## Input data
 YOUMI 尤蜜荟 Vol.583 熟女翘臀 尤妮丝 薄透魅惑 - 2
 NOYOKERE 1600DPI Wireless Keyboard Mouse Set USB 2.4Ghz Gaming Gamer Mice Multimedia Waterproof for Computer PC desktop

---

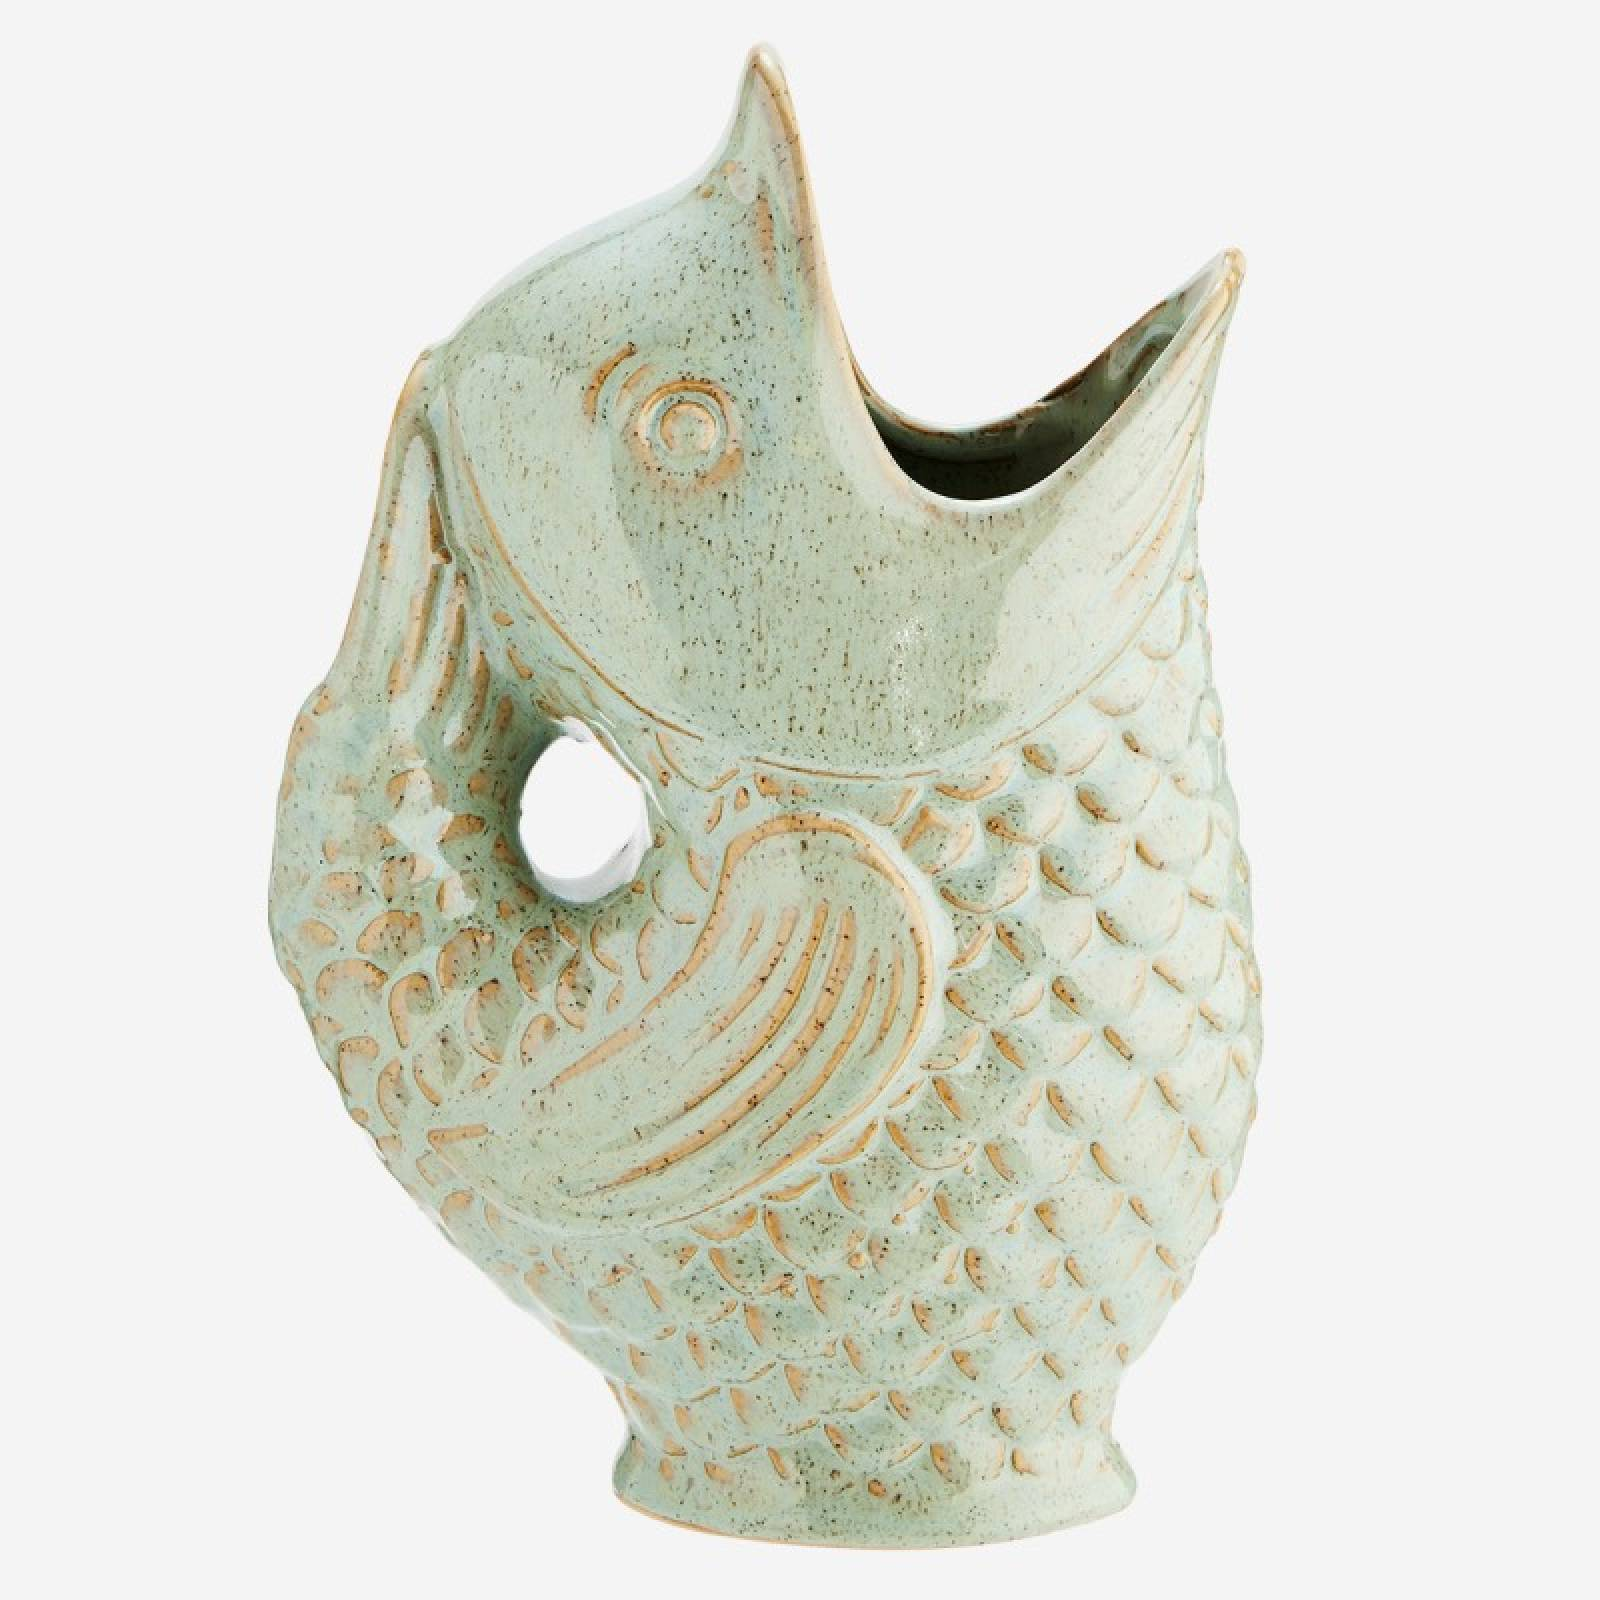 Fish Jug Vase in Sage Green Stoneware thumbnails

## Instructions for the task
Which lines above run from the one containing "YOUMI 尤蜜荟 Vol.583 熟女翘臀 尤妮丝 薄透魅惑 - 2" to the one containing "NOYOKERE 1600DPI Wireless"? Give them again exactly, both ends included.

## Expected answer
 YOUMI 尤蜜荟 Vol.583 熟女翘臀 尤妮丝 薄透魅惑 - 2
 NOYOKERE 1600DPI Wireless Keyboard Mouse Set USB 2.4Ghz Gaming Gamer Mice Multimedia Waterproof for Computer PC desktop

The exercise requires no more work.